§ **INSTRUCTIONS FOR THE TASK**
From the material below, reproduce exactly the stretch of lines that begins with the line holding "Gesetzblatt (GBl.) der" and ends with the line holding "El bochorno de", skipping the pictures.
---- DATA FOR THE TASK
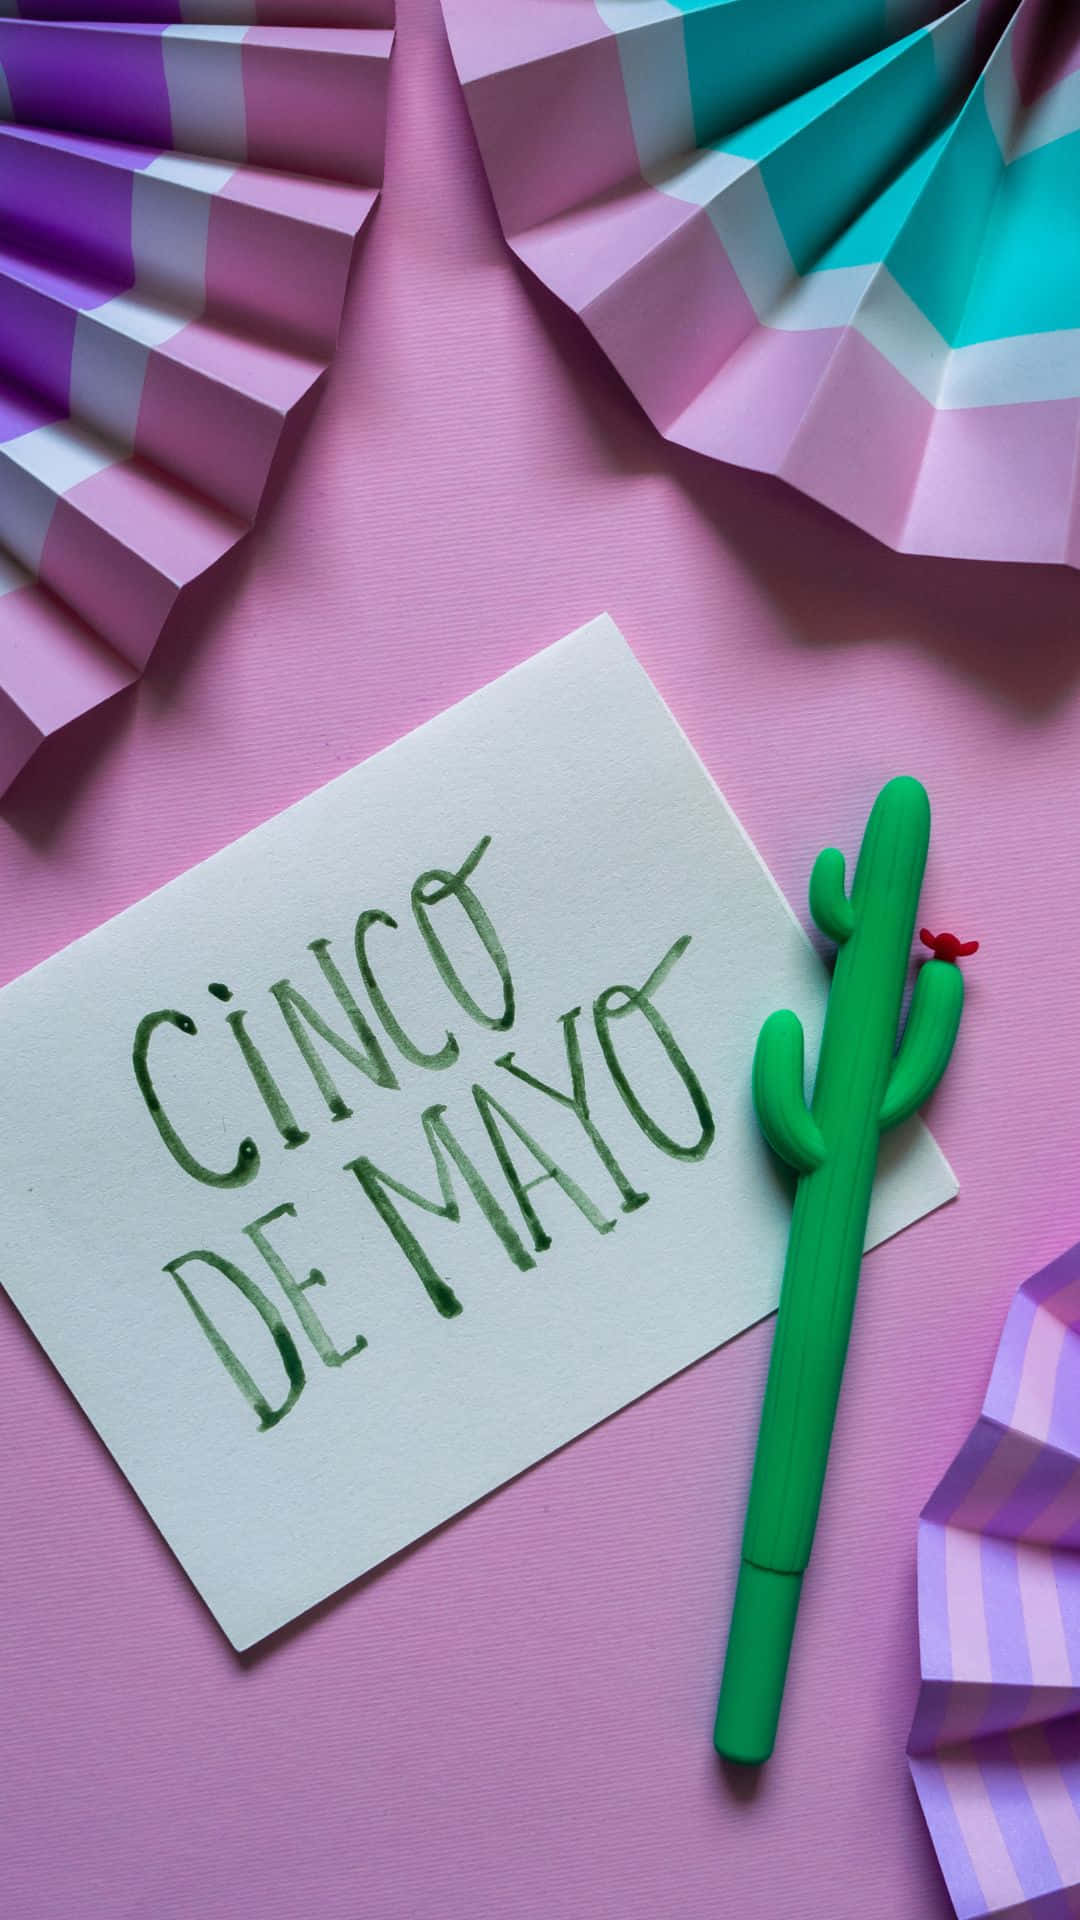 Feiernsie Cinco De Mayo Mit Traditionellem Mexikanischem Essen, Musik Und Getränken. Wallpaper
--------
---- DATA FOR THE TASK
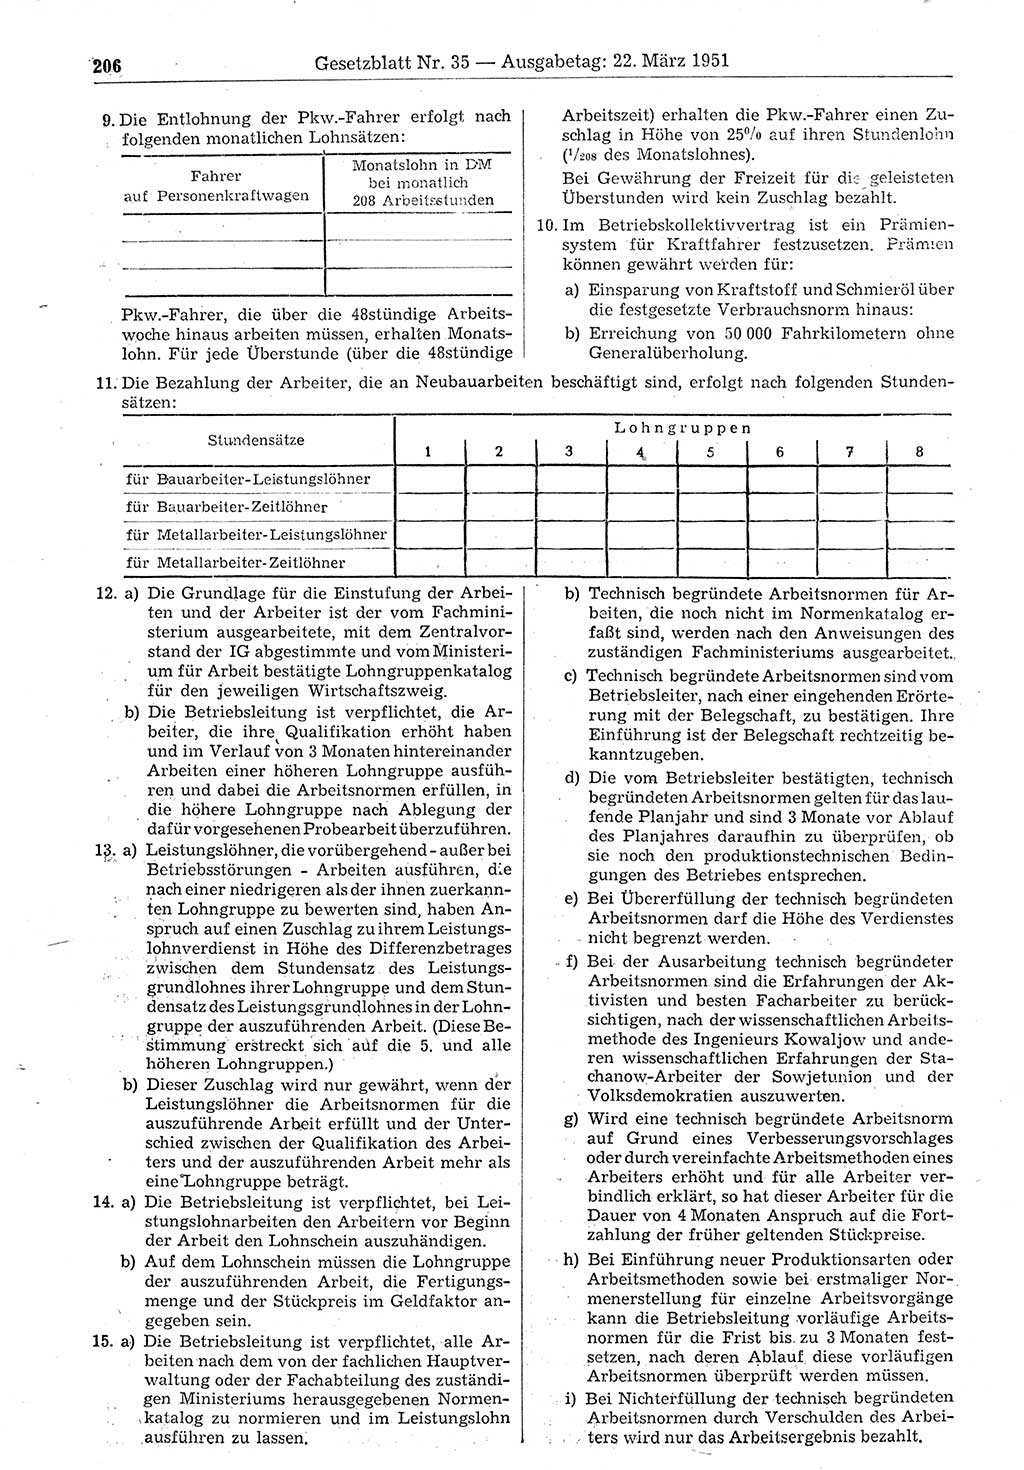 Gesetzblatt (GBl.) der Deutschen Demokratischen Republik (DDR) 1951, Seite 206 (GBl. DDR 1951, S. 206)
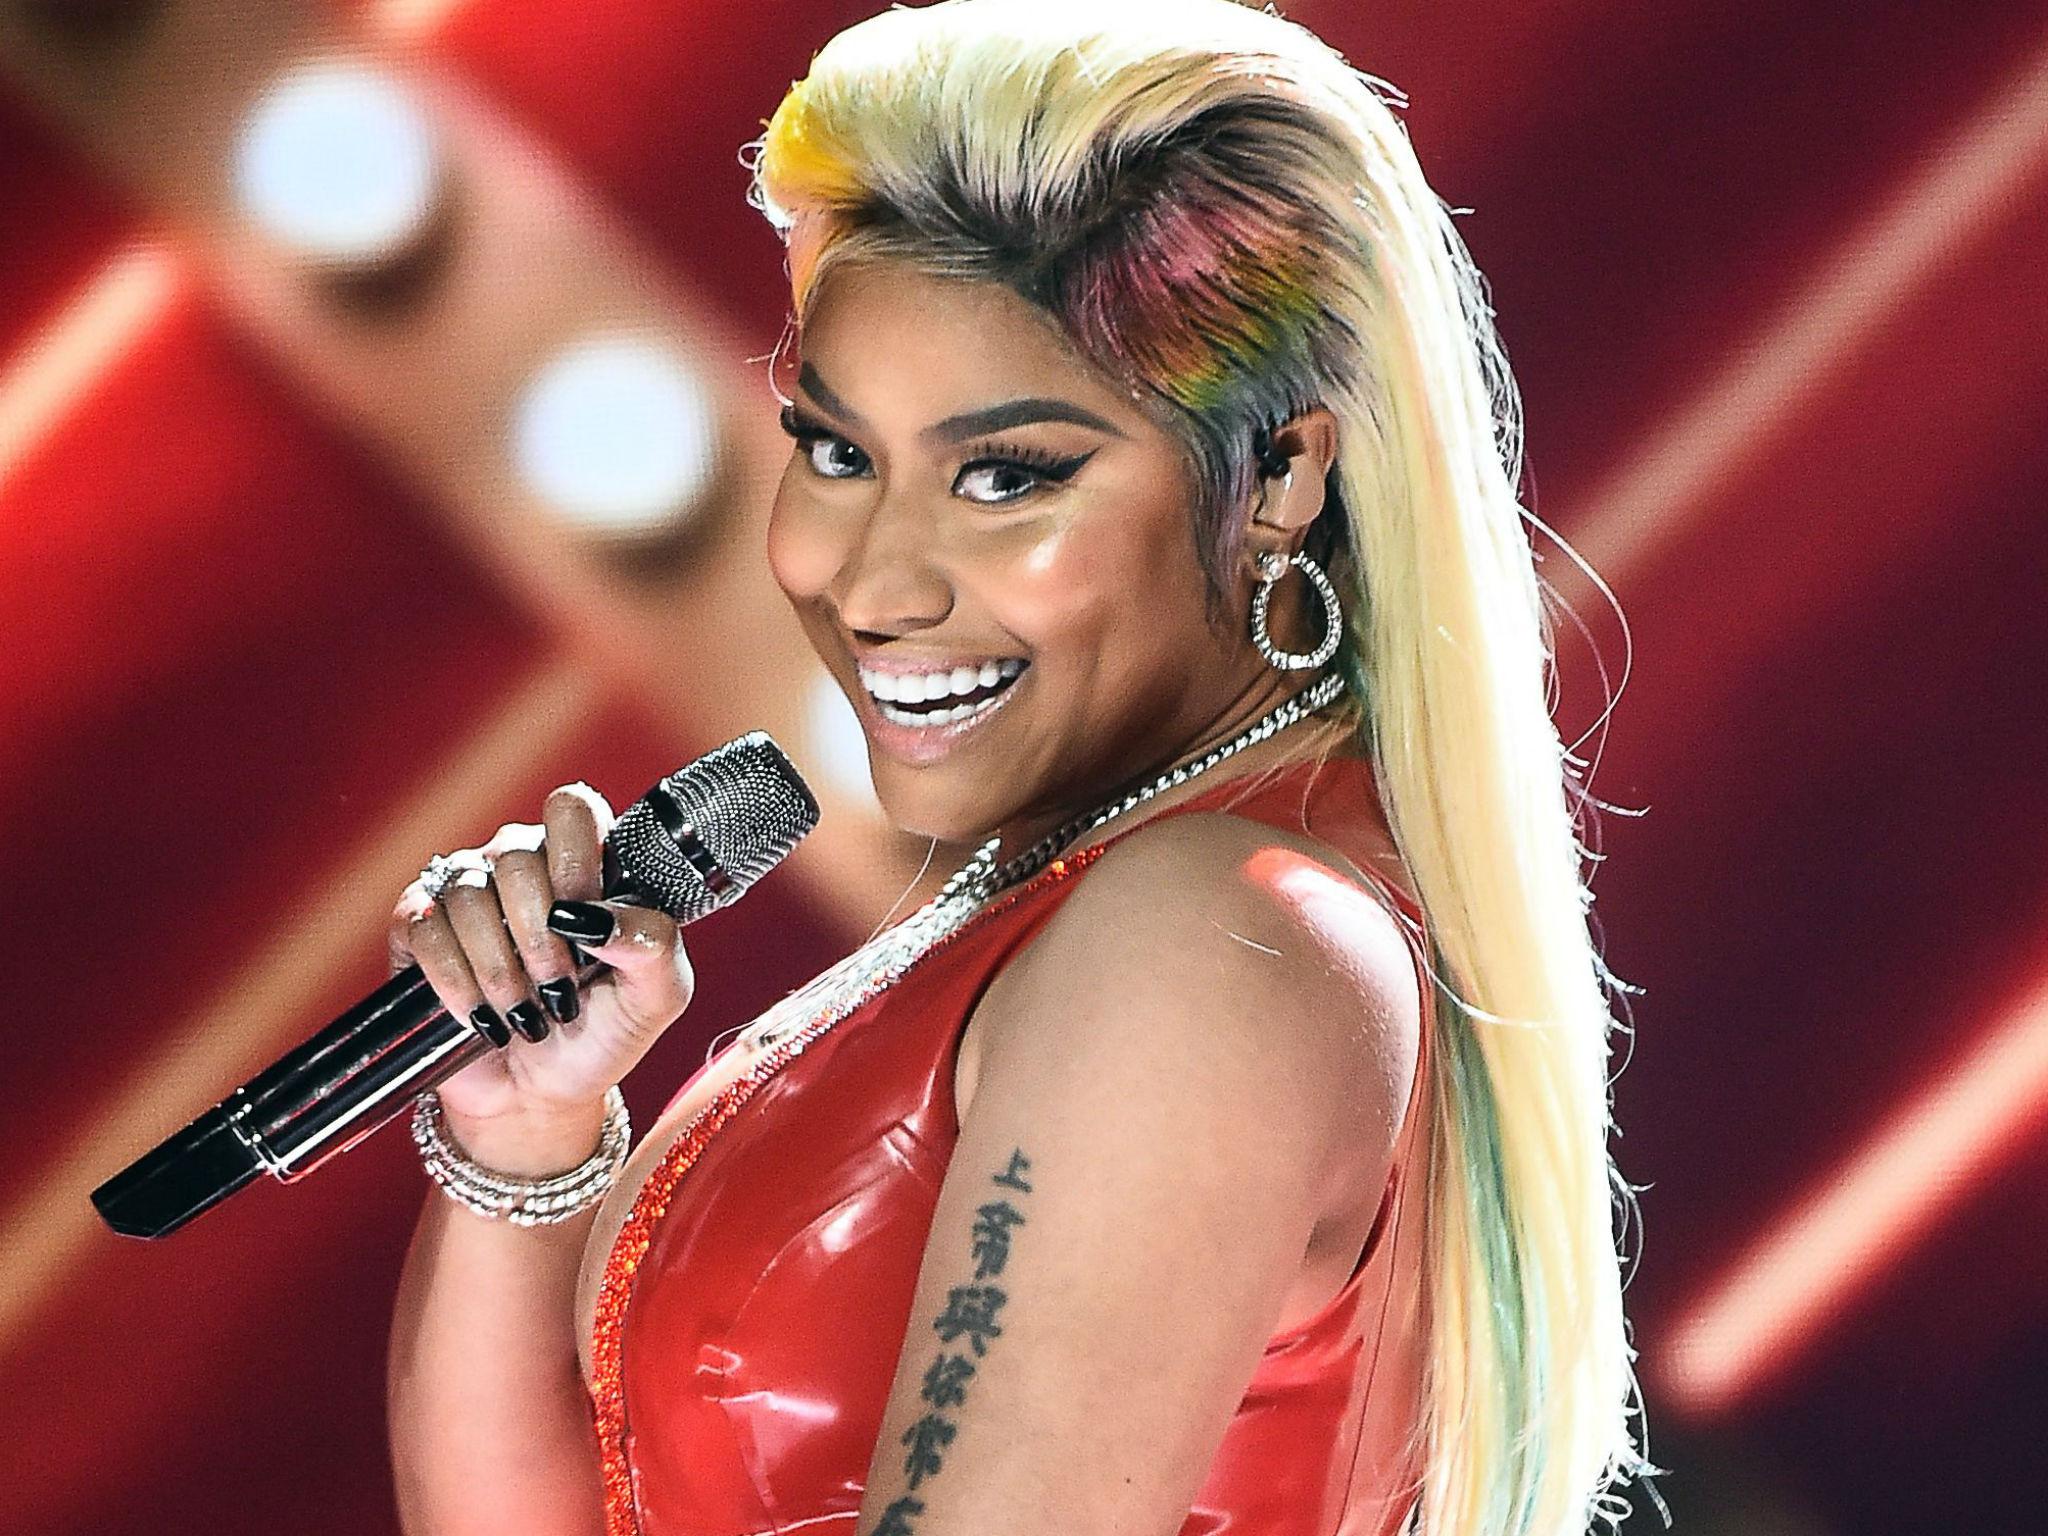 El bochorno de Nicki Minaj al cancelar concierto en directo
--------
---- DATA FOR THE TASK
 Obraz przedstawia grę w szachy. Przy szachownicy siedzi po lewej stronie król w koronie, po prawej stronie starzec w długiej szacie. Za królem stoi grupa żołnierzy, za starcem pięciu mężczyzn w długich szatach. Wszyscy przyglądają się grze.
--------
§ **FINISHED EXERCISE**
 Gesetzblatt (GBl.) der Deutschen Demokratischen Republik (DDR) 1951, Seite 206 (GBl. DDR 1951, S. 206)
 El bochorno de Nicki Minaj al cancelar concierto en directo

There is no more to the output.